Man sah beide Sendungen im Wechsel per Zapping und fragte sich: War das Jahr wirklich so schlecht, so belanglos? Der Bankenkrise versuchte Kerner ein Gesicht zu geben – wahrlich nicht sein eigenes – und setze den WISO-Moderator neben zwei Opfer aus dem Volke, die Tausende von Euro verloren haben, sich aber für ihr Geld – und natürlich das der vielen anderen Opfer mit Demos und Auslandsreisen einsetzen. Eine lachhafte Veranstaltung, die eigentlich gar nicht zum Lachen war. So sorgte ein 11-Jähriges Mädchen auf Kerners Couch für Mitleid, weil es in Israel mit einem viel älteren Mann zwangsverheiratet wurde. Fremde Kulturen - für viele Westeuropäer unvorstellbar. Menschen 2008 – zu Tränen gerührt, oder war es doch die Herz-Für-Kinder-Show vom Vorabend?

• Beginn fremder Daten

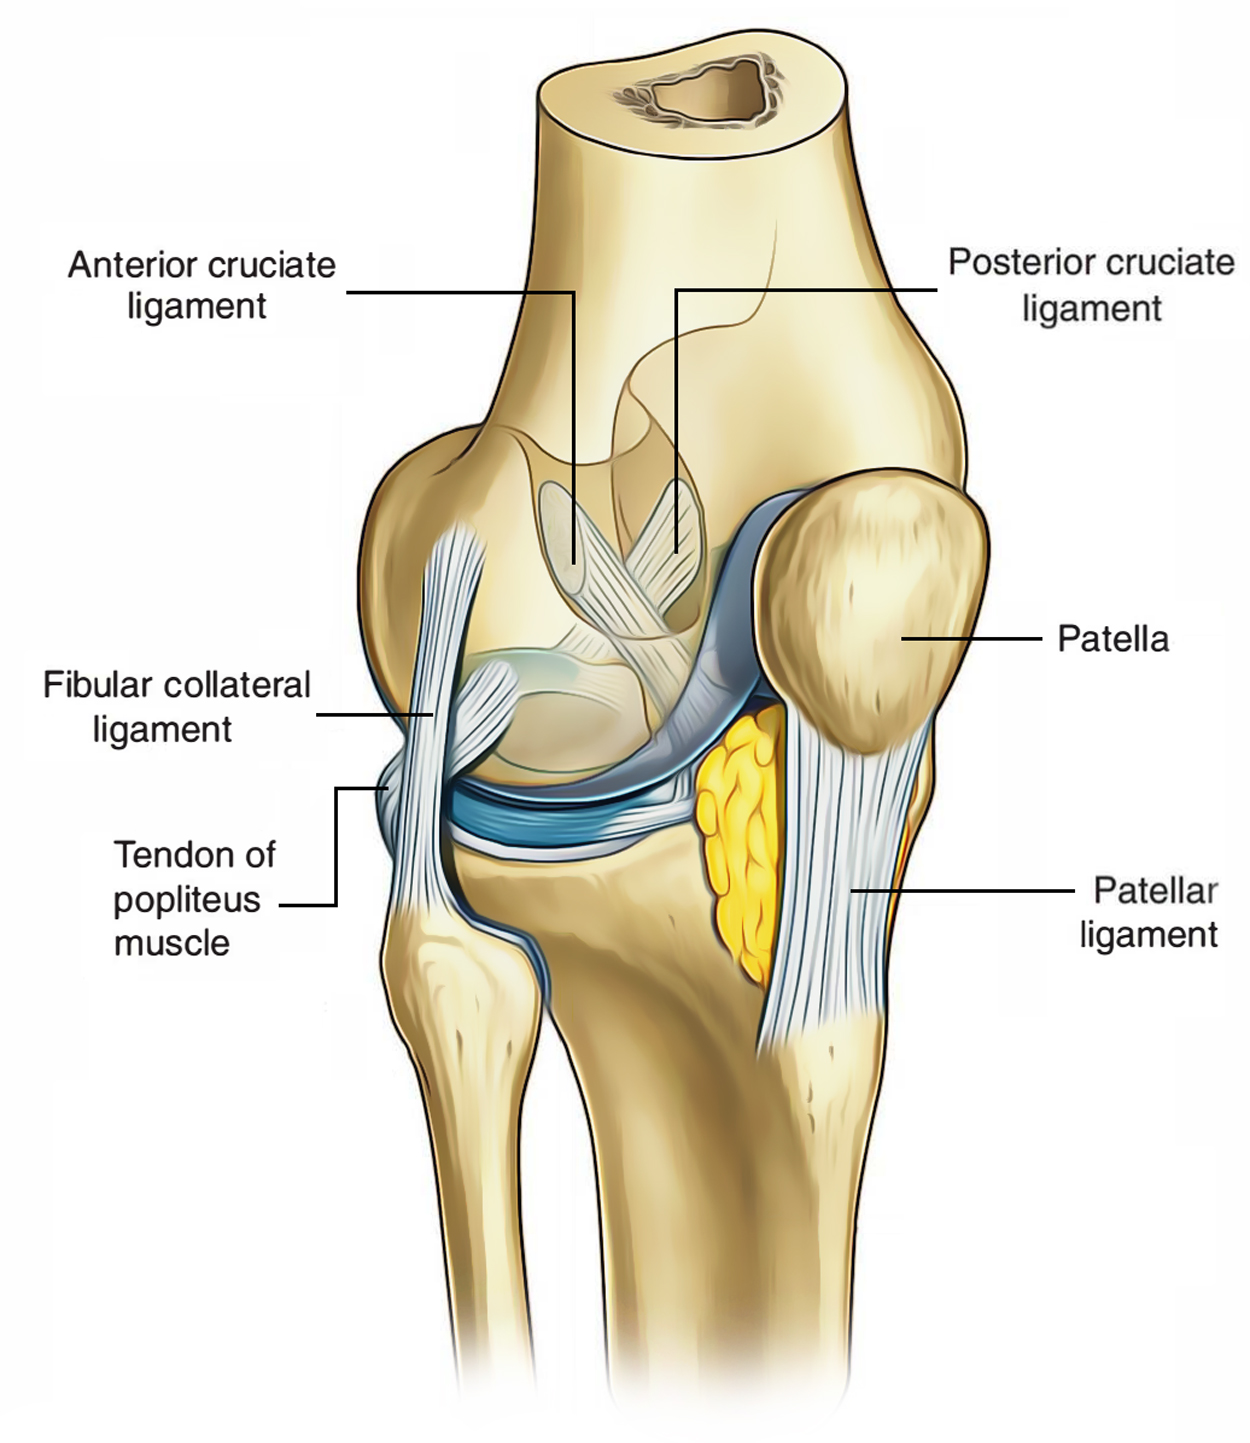 Ligaments of Knee Joint: Cruciate Ligament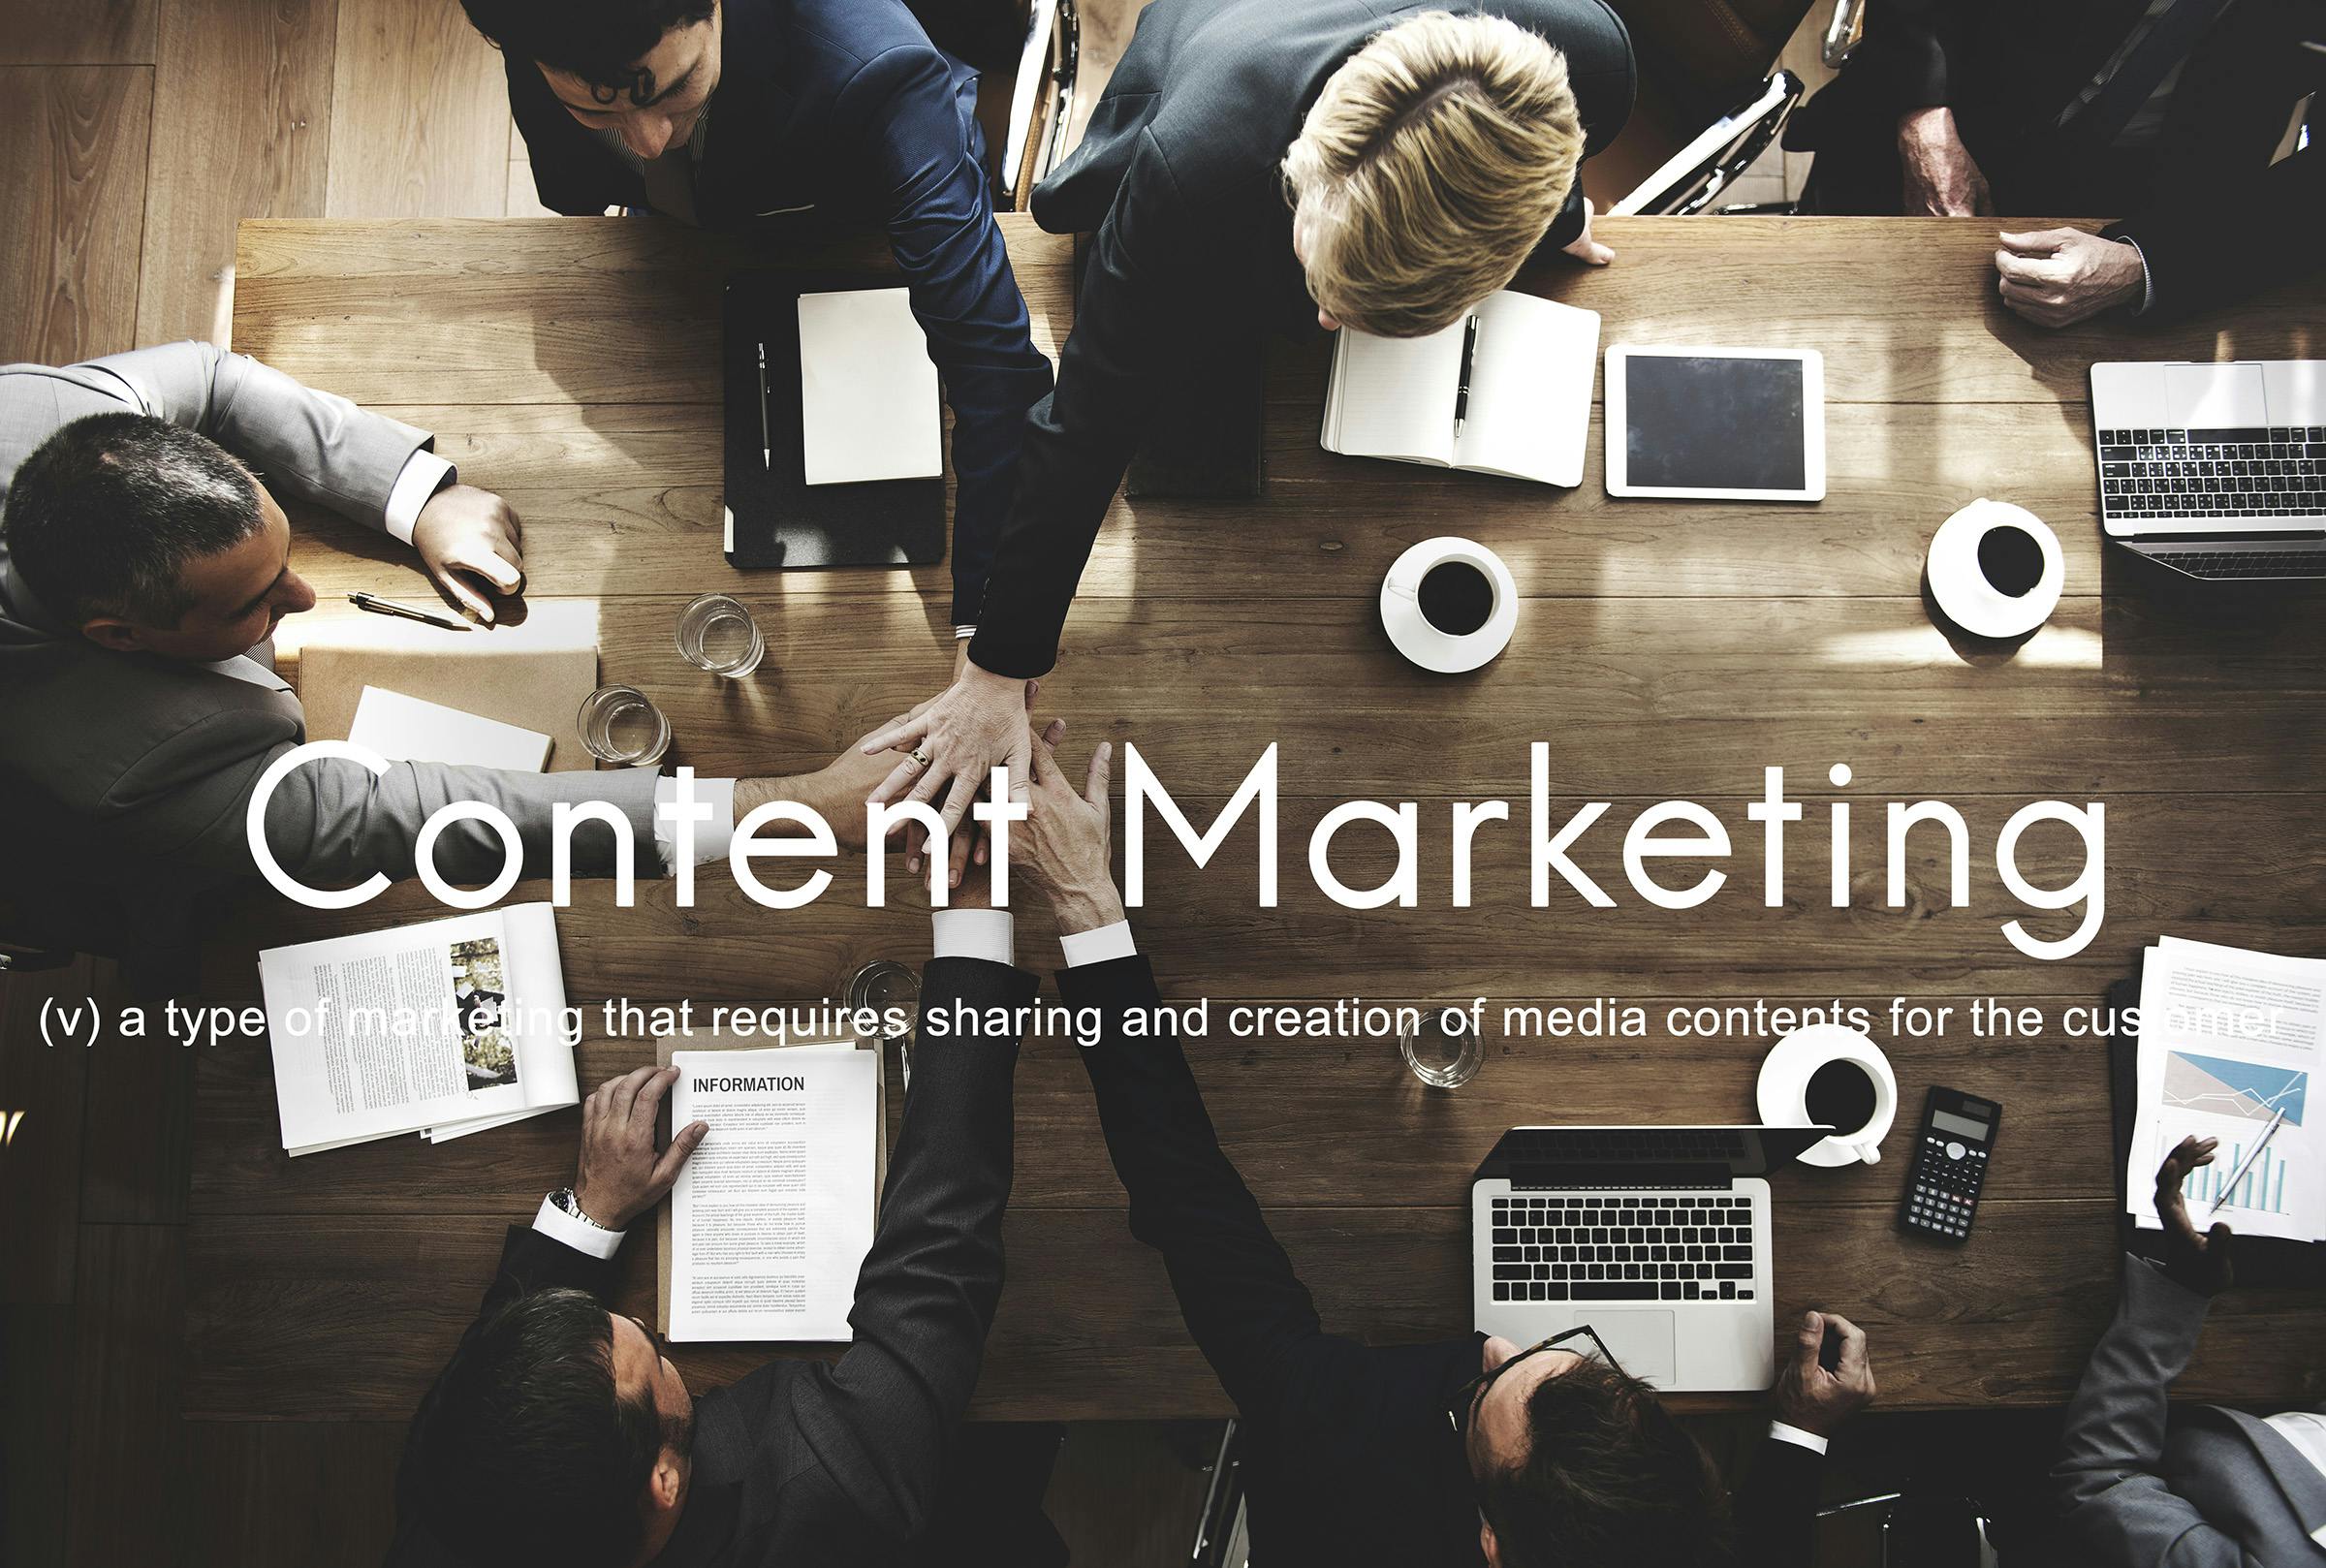 THE WHYS & HOWS OF CONTENT MARKETING

Noch eine Prise Obama hier, ein bisschen Ypsilanti da und fertig war der Jahresmix, leicht bekömmlich, in kleinen Häppchen serviert, dafür sorgte der RTL-Pausenmarathon per (Privat-)Definitionem.

Noch was vergessen in diesem Jahr? Finanzkrise, Hessen/Obamawahl, U-Bahnschläger, EM, Olympia, Reich-Ranicki. Dann ist ja sicher alles gesagt. Was soll man auch dazu setzen: Medienkultur heißt Wahrnehmung dessen, was uns Medien vorsetzen. Will heißen: Das Jahr war wirklich so. Und wenn es doch nicht gänzlich die Färbung Jauchs oder Kerners hatte, dann aller höchstens ein bisschen von beidem. Oder war Ihr 2008 etwa anders? Denken Sie mal darüber nach.